Cette semaine, Nozomi Hayase souligne le courage de deux journalistes - Wilfred Burchett et Julian Assange - qui ont sacrifié leur propre liberté pour dénoncer des crimes de guerre.

Les crimes de guerre, l'Empire et la Poursuite de la presse libre

(Nozomi Hayase, Ph.D., est essayiste et auteur de "WikiLeaks, the Global Fourth Estate : History Is Happening." (WikiLeaks, le quatrième pouvoir mondial : Déroulement de l'histoire).

Suivez la sur Twitter : @nozomimagine)

Cette semaine marque le 75e anniversaire de l'explosion des bombes nucléaires américaines sur les villes japonaises d'Hiroshima (6 août 1945) et de Nagasaki (9 août) pendant la Seconde Guerre mondiale.

Le bilan des deux assauts atomiques a été estimé à plus de 225 000 personnes, dont beaucoup ont été tuées sur le coup, tandis que d'autres sont décédées plus tard des suites d'une exposition aux radiations.

Au lendemain du bombardement du Japon, et pendant des décennies par la suite, les autorités américaines ont supprimé les images militaires tournées à Hiroshima et à Nagasaki.

Avec la propagande et la censure du gouvernement, le public n'a pas été informé de l'ampleur des dégâts et des souffrances humaines infligées.
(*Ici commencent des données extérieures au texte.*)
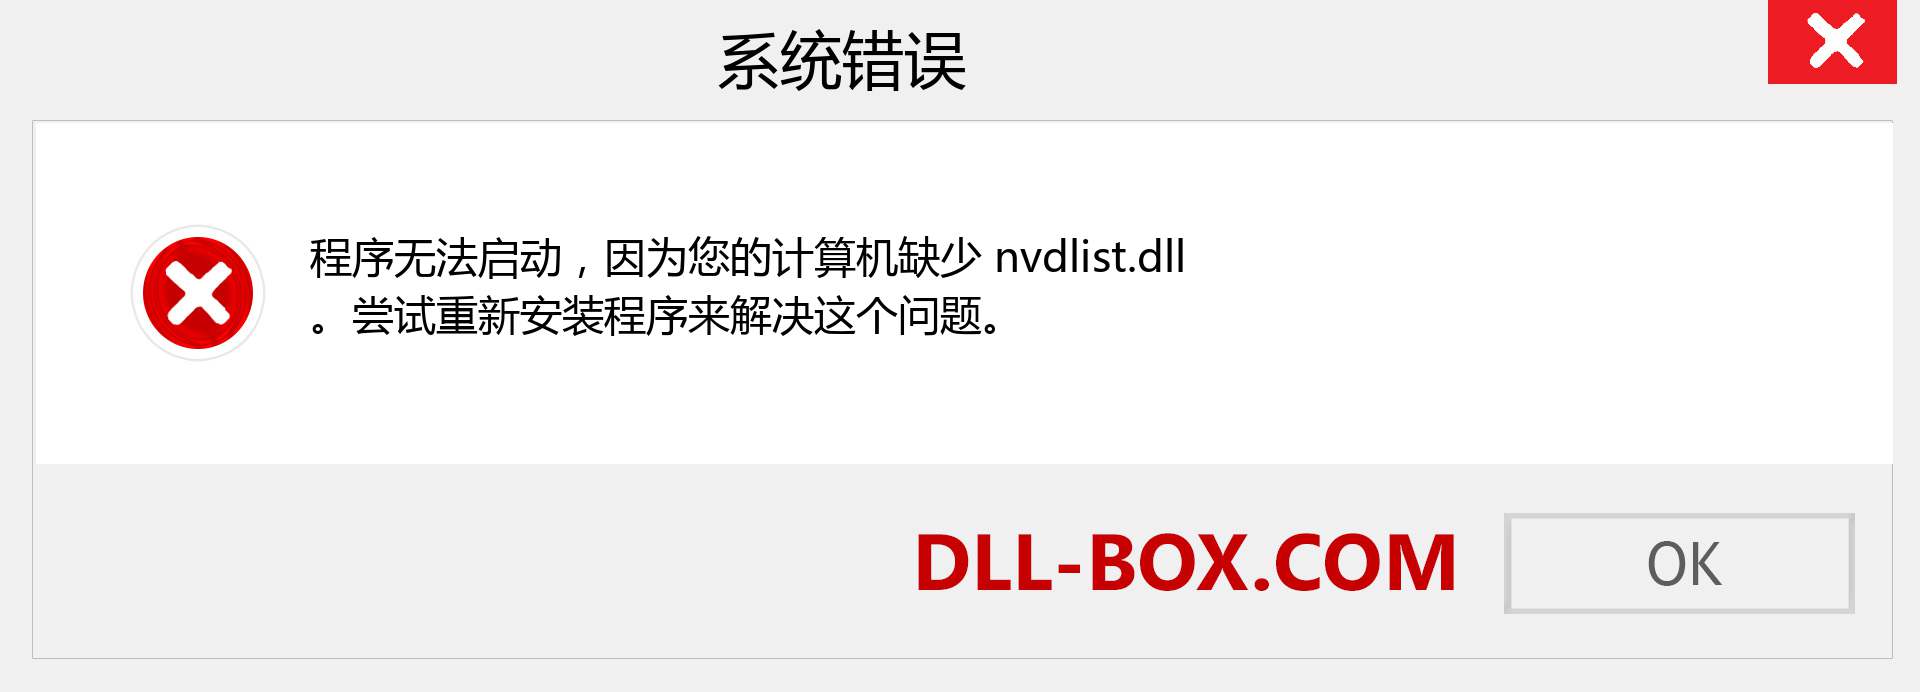 nvdlist.dll 文件丢失？。 适用于 Windows 7、8、10 的下载 - 修复 Windows、照片、图像上的 nvdlist dll 丢失错误
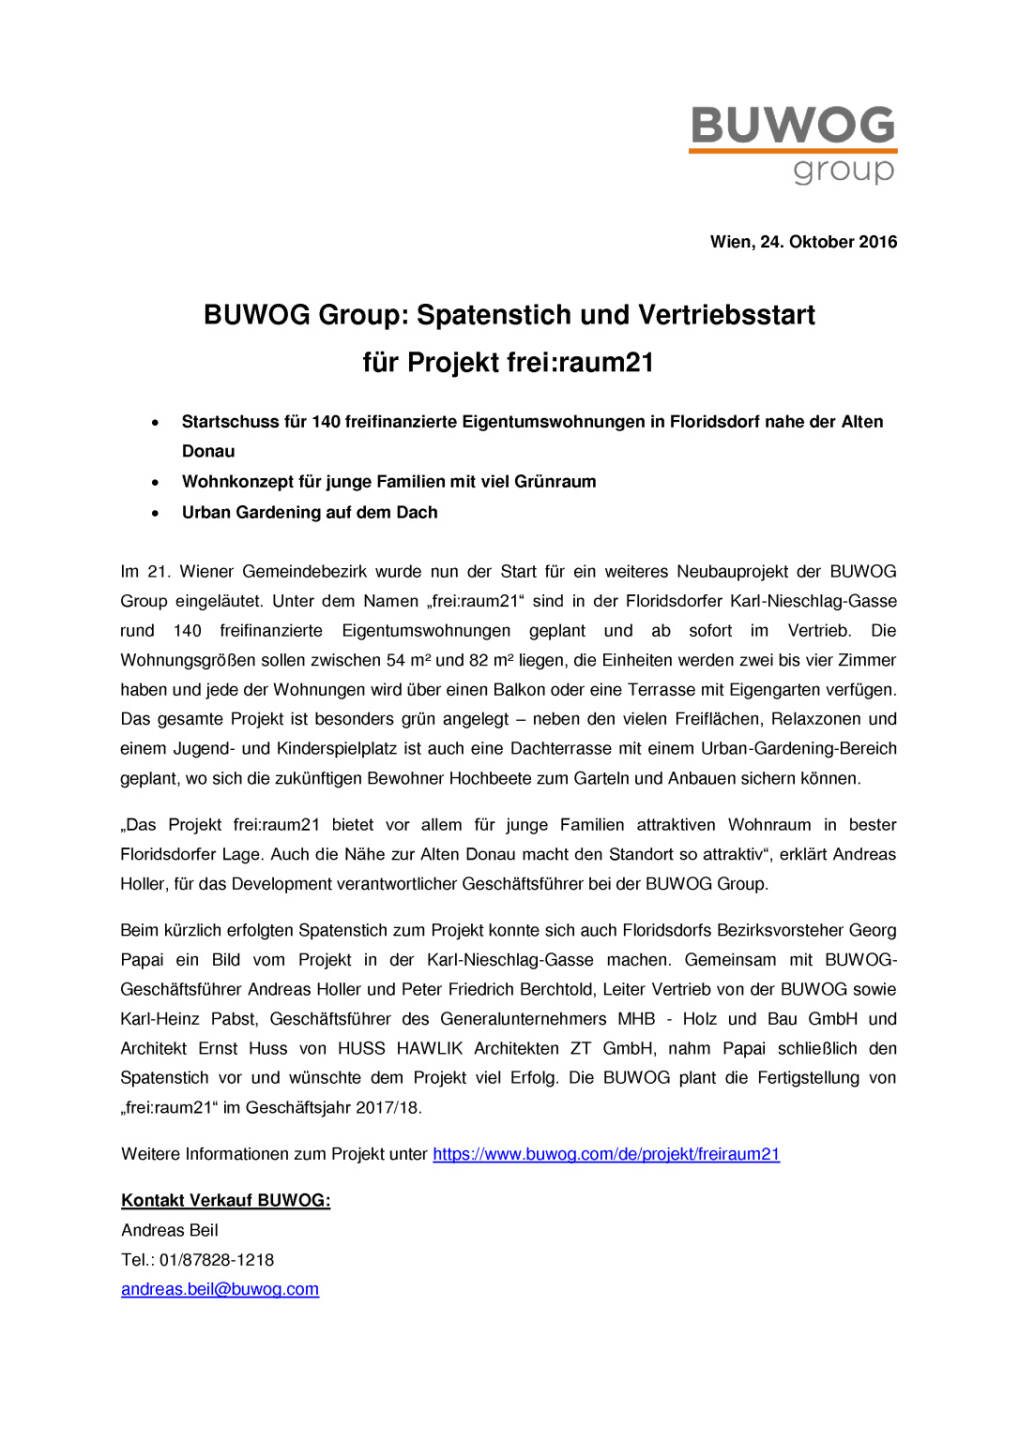 Buwog Group: Spatenstich und Vertriebsstart Karl-Nieschlag-Gasse, Seite 1/2, komplettes Dokument unter http://boerse-social.com/static/uploads/file_1925_buwog_group_spatenstich_und_vertriebsstart_karl-nieschlag-gasse.pdf

La frappe nucléaire américaine a transformé le sol japonais en un désordre toxique où rien ne pousserait pendant 75 ans. Contrairement à sa cible déclarée (le quartier général de l'armée japonaise), l'explosion de la bombe a tué de nombreuses personnes: femmes, enfants et personnes âgées, bon nombre qui n'étaient pas en uniforme, causant indistinctement des effets à long terme sur la santé de ceux qui ont survécu à l'explosion.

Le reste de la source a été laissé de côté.